* [Given material]

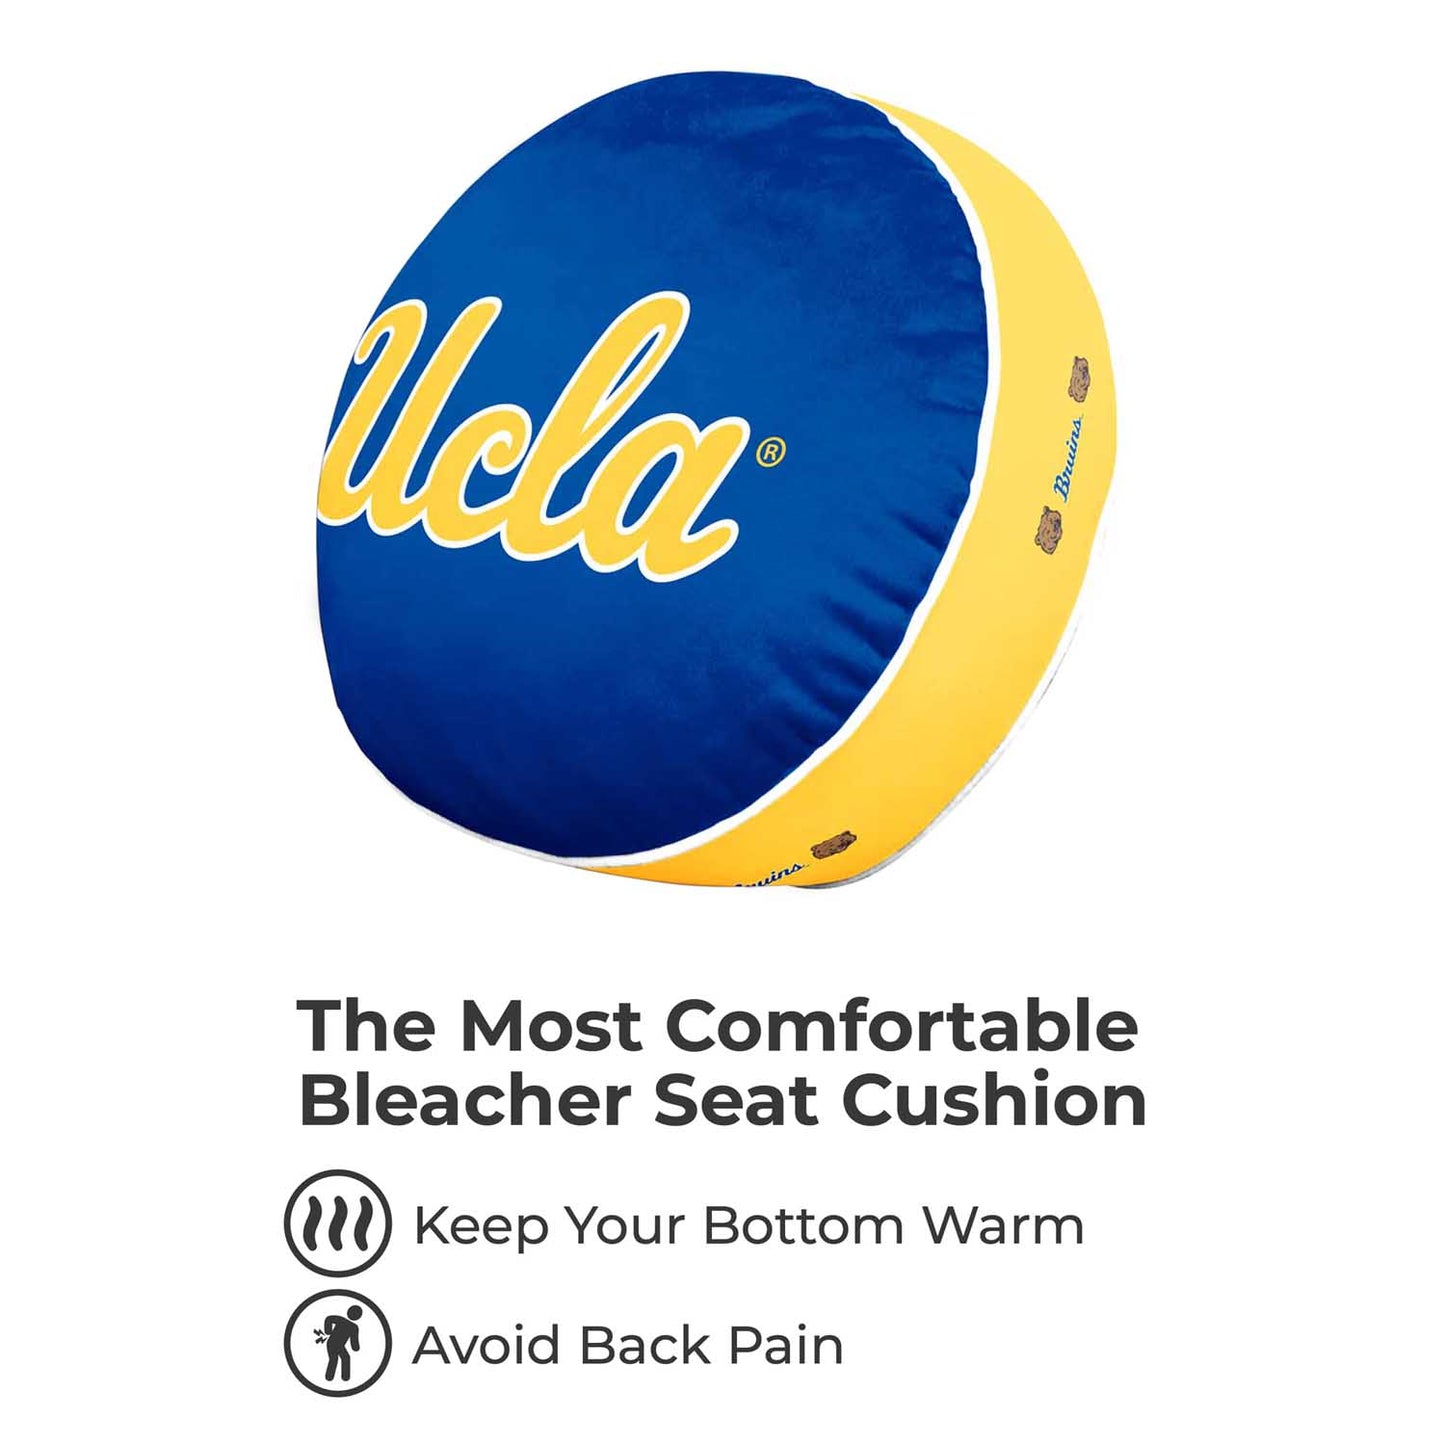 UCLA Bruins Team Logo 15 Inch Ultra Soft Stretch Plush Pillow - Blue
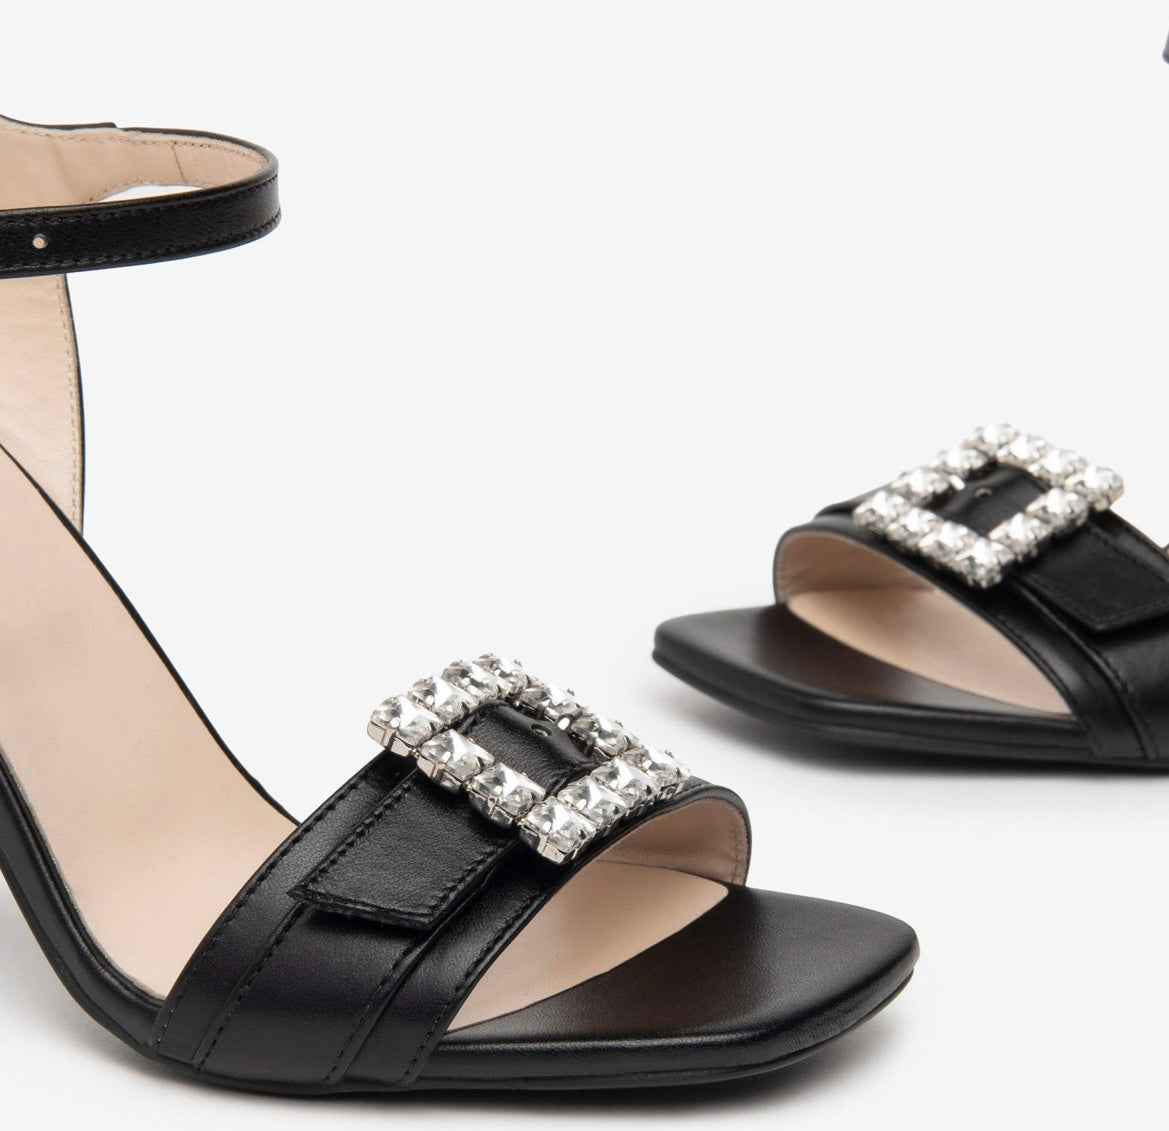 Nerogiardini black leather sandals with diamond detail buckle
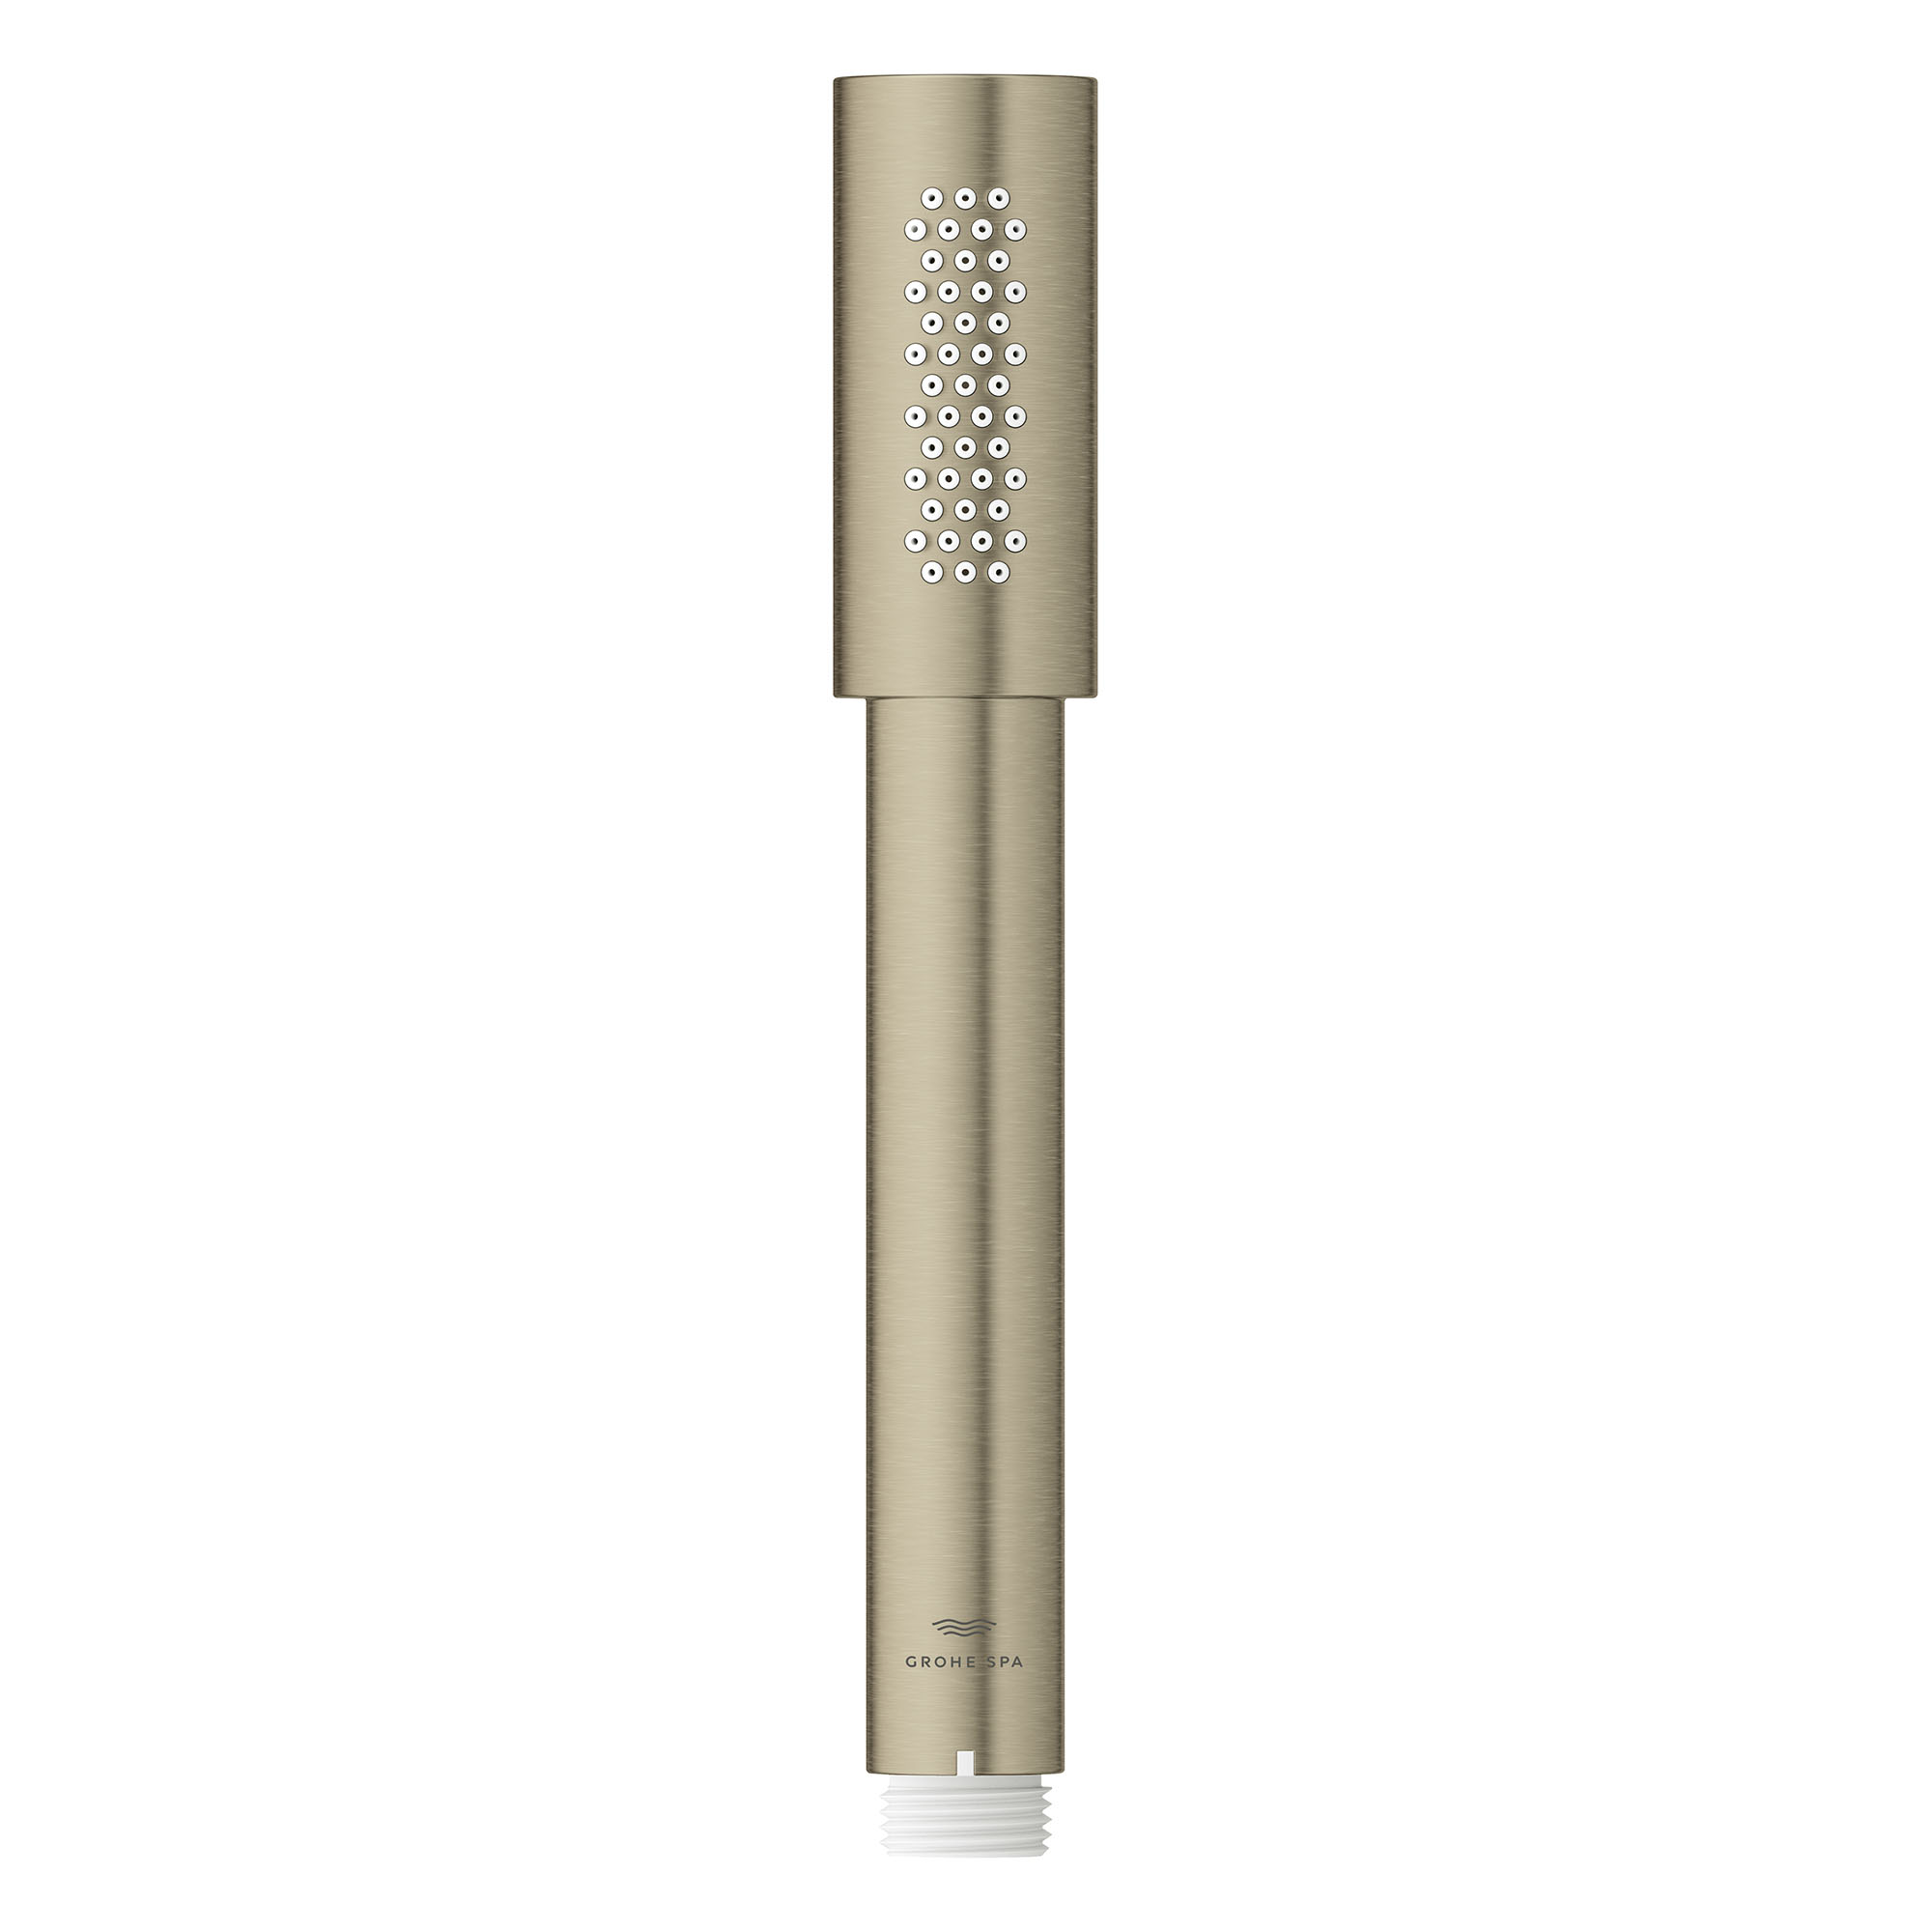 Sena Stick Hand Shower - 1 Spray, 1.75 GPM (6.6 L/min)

* [About this task] Reproduce the whole listing exactly, but not the images in it.

* [Response box]
 UCLA Bruins Team Logo 15 Inch Ultra Soft Stretch Plush Pillow - Blue
 Nerogiardini black leather sandals with diamond detail buckle
 Sena Stick Hand Shower - 1 Spray, 1.75 GPM (6.6 L/min)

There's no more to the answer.